Behold, the bent over row. Perhaps one of the most full-body rowing variations, the bent over row allows us to use our hips and abs in addition to all of our other rowing muscles. There’s a lot going on in this move. Here’s a picture from Strength Training Anatomy:
The biggest benefit of rowing is that it helps our pulling strength and upper back musculature, and using the bent over row adds a postural control challenge at the hips, including the glutes and hamstrings.
Many of us who have tried doing bent over rows are aware of something else, too: That lower back that sits between the upper back and hips, and can sometimes feel like it’s doing all of the work while we hinge.
Today, I’m going to share with you an exercise pairing that I wrote into our new class cycle at MFF that I’ve found to be helpful with guiding our awareness back to our hamstrings. Pun intended.
Influenced by Janda’s Lower Cross Syndrome, I like to think of the hamstrings as “Lazy” muscles, ones that will quickly shirk their supportive responsibilities in this group project. The hamstrings are that kid that barely wants to do anything, but when they make the decision to participate, they’re an all-star. The lower back is the opposite, eager to do all of the work, but quick to fatigue and become frustrated. The upcoming exercise combo seeks to restore some balance to this group project.
Here’s your anatomy picture for the day:
Rather than scold the hamstrings for not participating, we’re going to give them some praise before they even get started. I like to think of this as proprioceptive foreplay. Build awareness of the muscles that you want to use, then use that awareness to drive increased awareness of an often irritating exercise.
Nerdy fitness types know this as internal focus, which we typically move away from thanks to the work of Gabriele Wulf and Nick Winkelman. That’s perfectly alright; we’re not doing this for the NFL Combine, we’re doing this to be more comfortable during our bent over row!
Here’s a demonstration of the hamstring bridge hold:
This doesn’t look like much, and that’s because after the initial set up there is minimal movement. We’re setting our heels on the floor, then we’re creating an aggressive posterior pelvic tilt, or Sad-Dog as we call it at MFF. Once you’re there, you breathe.
Let’s use those breaths to “save” that tension in our obliques and hamstrings, helping us hold that alignment of our pelvis and rib cage. As we exhale several times, our breath helps us find our obliques and hamstrings. It’s that proprioceptive awareness that we build holding that position that we’re then going to apply to the bent over row.
Now let’s take it to standing:
When we prepare to perform the bent over row, I like to start with a tall plank. In that plank position, can you recreate that tension in your hamstrings and in your obliques? If not, you do not pass “Go” and you do not collect $200. Find that first. Once you find it, then you hinge. Earn that hinge!

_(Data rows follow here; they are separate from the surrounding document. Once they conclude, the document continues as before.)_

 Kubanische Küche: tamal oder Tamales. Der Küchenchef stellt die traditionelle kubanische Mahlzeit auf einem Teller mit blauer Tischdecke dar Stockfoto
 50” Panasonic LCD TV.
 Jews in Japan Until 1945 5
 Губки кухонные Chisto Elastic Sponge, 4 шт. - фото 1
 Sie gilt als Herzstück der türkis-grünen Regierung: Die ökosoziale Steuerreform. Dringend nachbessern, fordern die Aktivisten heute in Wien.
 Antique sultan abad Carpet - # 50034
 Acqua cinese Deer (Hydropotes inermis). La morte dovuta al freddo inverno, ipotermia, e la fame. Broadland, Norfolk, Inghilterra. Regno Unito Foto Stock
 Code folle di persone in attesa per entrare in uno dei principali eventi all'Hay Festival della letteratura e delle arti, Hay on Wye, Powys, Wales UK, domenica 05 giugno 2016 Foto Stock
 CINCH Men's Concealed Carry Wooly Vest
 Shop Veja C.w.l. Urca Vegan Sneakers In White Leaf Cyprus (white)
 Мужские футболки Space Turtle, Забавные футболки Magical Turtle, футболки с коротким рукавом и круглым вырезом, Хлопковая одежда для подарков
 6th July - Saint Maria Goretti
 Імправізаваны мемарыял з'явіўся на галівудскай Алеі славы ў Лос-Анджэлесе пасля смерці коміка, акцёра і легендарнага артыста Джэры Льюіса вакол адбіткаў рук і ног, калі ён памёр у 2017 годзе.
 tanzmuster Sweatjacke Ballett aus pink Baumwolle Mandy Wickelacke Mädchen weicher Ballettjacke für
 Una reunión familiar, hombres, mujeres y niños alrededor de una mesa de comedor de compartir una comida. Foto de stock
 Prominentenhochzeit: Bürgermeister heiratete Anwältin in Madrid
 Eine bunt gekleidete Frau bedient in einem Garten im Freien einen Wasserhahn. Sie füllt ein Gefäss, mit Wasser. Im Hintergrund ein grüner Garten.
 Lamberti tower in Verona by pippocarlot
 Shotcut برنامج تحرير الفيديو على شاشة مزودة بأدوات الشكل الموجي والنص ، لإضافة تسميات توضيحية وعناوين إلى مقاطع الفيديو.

Now, you’re at the bottom of your hinge. Don’t row yet. In that hinge position, can you maintain that tension in your hamstrings and in your obliques? If not, you do not pass “Go” and you do not collect $200. Recreate that tension, or return to the plank. Once you can maintain that tension in your hinge, then you row. Again, earn that position.
Return those ‘bells to their starting position. That was one rep. Guess what? We’re going to use the same question for every rep of this set. Every. Single. One. If you don’t, it’s far too easy for that overeager lower back to take over, and those hamstrings realize that they can relax. Why bother priming them with their own exercise if we’re not going to use them when we row?
Here’s a video of the whole thing in action:
We’ll be experiencing this combo at MFF for the next four weeks, and it’s one of the easiest combinations to recreate on your own. All you need is space to lay down, and freeweights to row. They can be kettlebells, dumbbells, a barbell, a box of puppies: Anything ya want.
When practicing, I’d recommend using 3-5 full exhales on the hamstring bridge hold to really “set” that pelvis position and prime the hamstrings, then follow it with a set of rows that’s long enough to challenge that tension. That’s likely 8-10 reps for the row. If you prefer counting time over reps, then 30 seconds of each ought to do the trick.
If bent over rows get the best of your lower back before your upper back, give this hamstring bridge hold a try. I bet that after a few breaths of that kinesthetic foreplay, you’ll feel more secure and stronger in that hinge, allowing you to make that row even better.
As always, share your feedback, I’d love to learn from you!
Love it, Harrold. Thank you for thinking in terms of movements that bring understanding in other, more complex movements!
Question – I see it a lot and have never heard the reasoning as to why people generally pull the forefoot off the floor in glute bridge. Is there a reason you do this?
I prefer leaving my foot flat so as not to engage the tib anterior (I also prefer to encourage pushing mechanics at the ankle level since I find this action difficult for most people and it is highly associated with greater performance). With the feet flat you can the choose to either push into the floor using more quads, pull into floor engaging the hammies more, or find a balance. A tangent here, so sorry about that.